In order to register your domain name and make it publicly known, you must notify an Internet Corporation for Assigned Names and Numbers (ICANN) -accredited registrar. There a dozens of registrars from which to choose. Here are a few examples: America Online, Network Solutions, Register.com, and TUCOWS.com. For a complete listing, check out http://rs.internic.net/alpha.html. Each registrar may have a slightly different process, but they will typically want to know some of the following information:

· Name of the contacts (billing, technical, and administration) for the domain name to be registered.

· Length of registration (1 year, 2 years, etc.). Typically, the longer you commit to, the better price per year that you will receive.

· IP addresses of the authoritative DNS servers to host your domain name. This DNS server is the one that contains the Start of Authority record (SOA) and is contacted by other DNS servers for the IP address of your web server. You should have a minimum of two, but some registrars let you get away with just one. The reason for two is fault tolerance. What if your only DNS server goes down?

Once you finish completing the information on the registrar’s web site, you typically will receive an email confirmation. One or two days later, your domain name will be up and running.

While you are waiting the day or two it takes to update the servers on the Internet, you can verify your IIS configuration. Let’s take a look at that next.
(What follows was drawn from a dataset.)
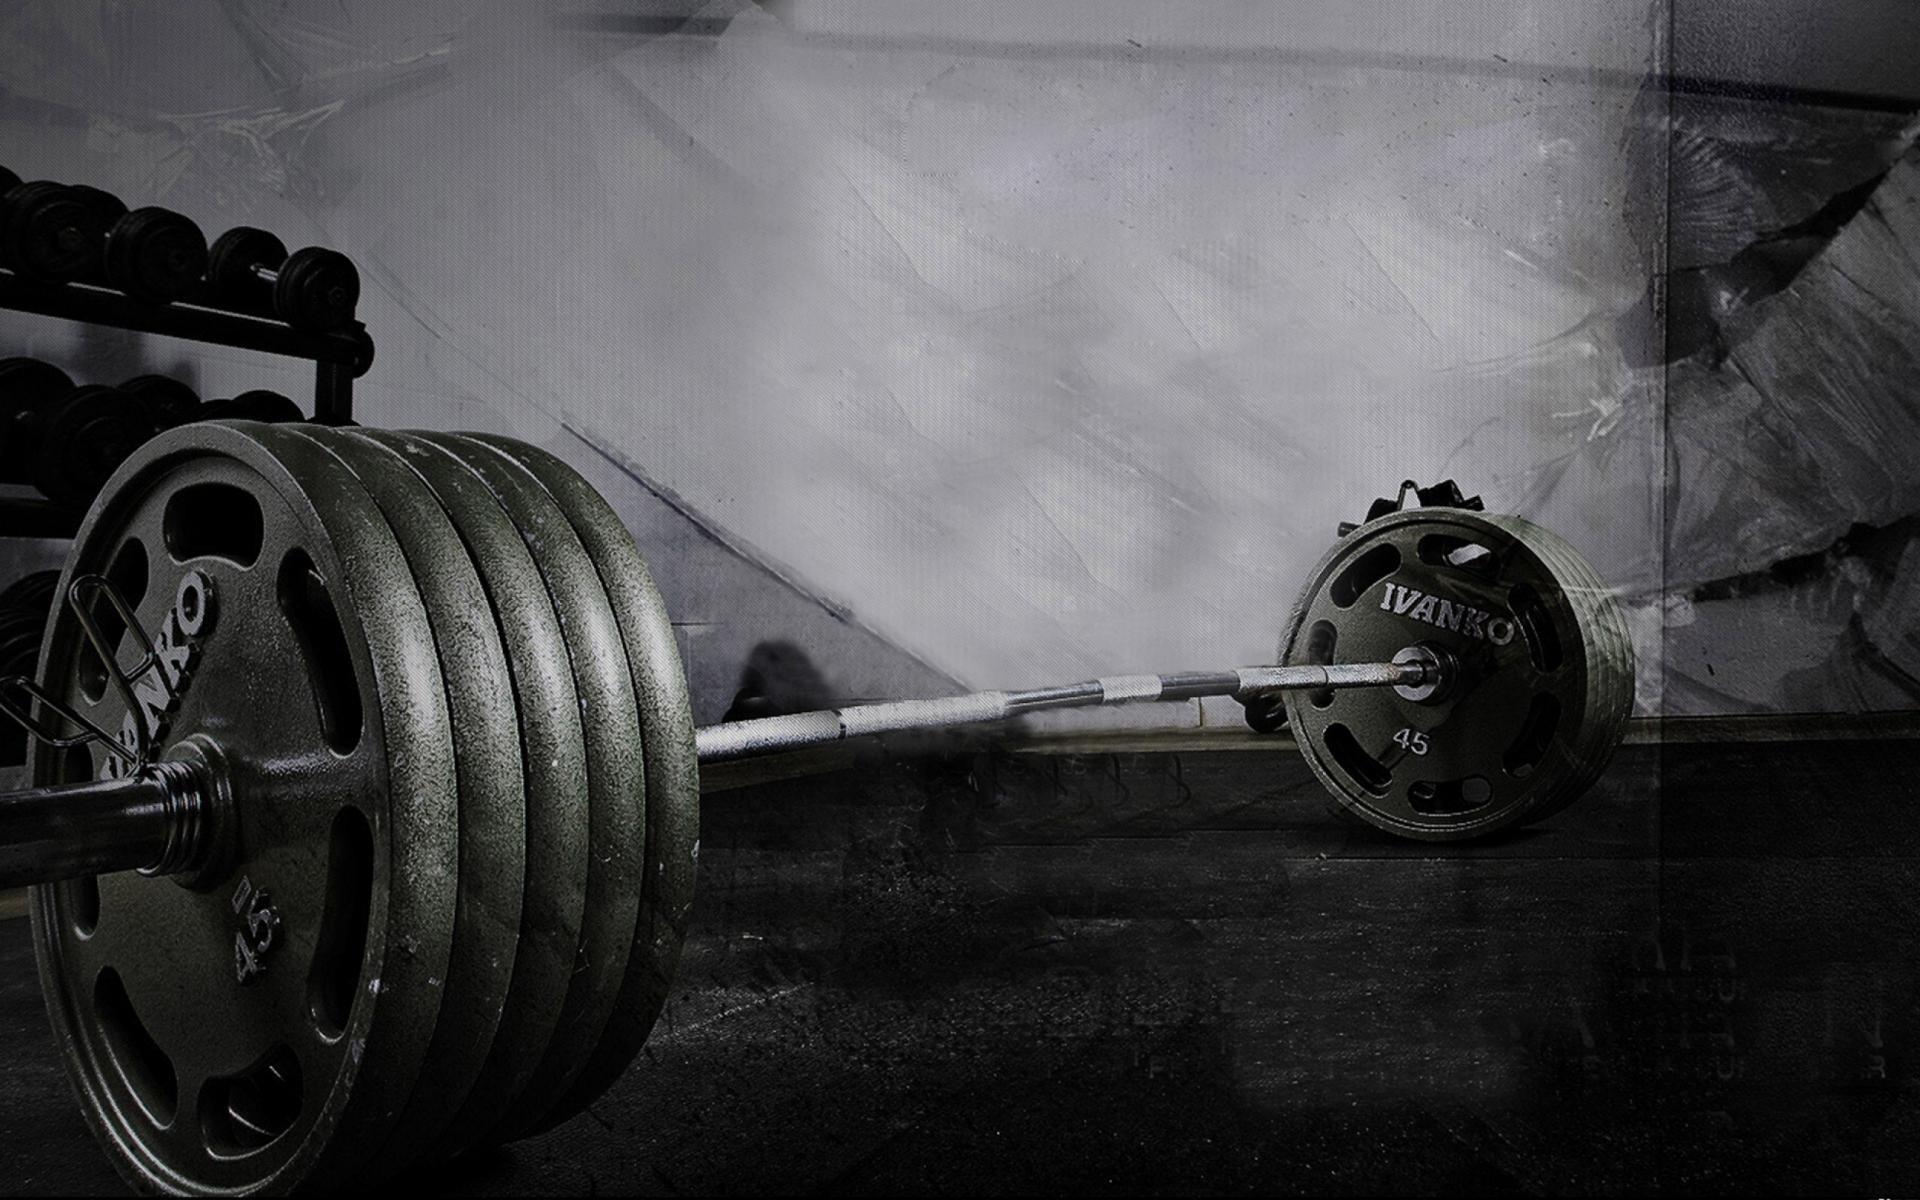 wallpaper.wiki-Weight-Bar-Gym-Workout-1920×1200-PIC-

If you are running multiple virtual web servers on a single physical server, you will need to verify the configuration of each web site. If you recall, there are three methods to create multiple web sites on a single server. One option, which is not appropriate for Internet web sites, is using different TCP port numbers. The second option is to use a different IP address for each web site. This is the best option; however, it is often difficult, if not impossible, to get all the IP addresses you need from your Internet Service Provider. If you are limited to a number of IP addresses that is fewer than the number of web sites, you will have to use the third method – host headers. Host headers is where IIS reads the header of the request to determine what URL was requested. For example, www.iisanswers.com versus www.someothersite.com. Based on the header information, IIS can locate the correct files and send the content to the client. Opening the properties for a web site brings up the following:

From here, you can review your configuration. You can see that in this example, www.iisanswers.com will use all unassigned IP addresses and port 80. It also has a host header configured – www.iisanswers.com. This means that this web site will be used to send content to the user only if they requested www.iisanswers.com. If they requested the IP address of www.iisanswers.com instead, they would not receive the same information. If the information is incorrect on this page, you can edit the information.

Once you finish updating this web site, verify all other web sites that are running on your IIS server.

Now it’s time to build a wonderful web site, but I’ll leave that part up to you.

We have seen what DNS is, how to install it on Windows 2000, and how to configure many of the settings. We have also seen the process for registering a DNS name on the Internet. Finally, we took a look at verifying your IIS web site configuration settings.

Although it may seem like a lot to do, there is actually more to learn than to do. Once you know the steps, it only takes a few minutes to setup a DNS server of a new domain, register the domain, and setup the website on IIS. After you walk through this process a couple of times, you will think it is a piece of cake.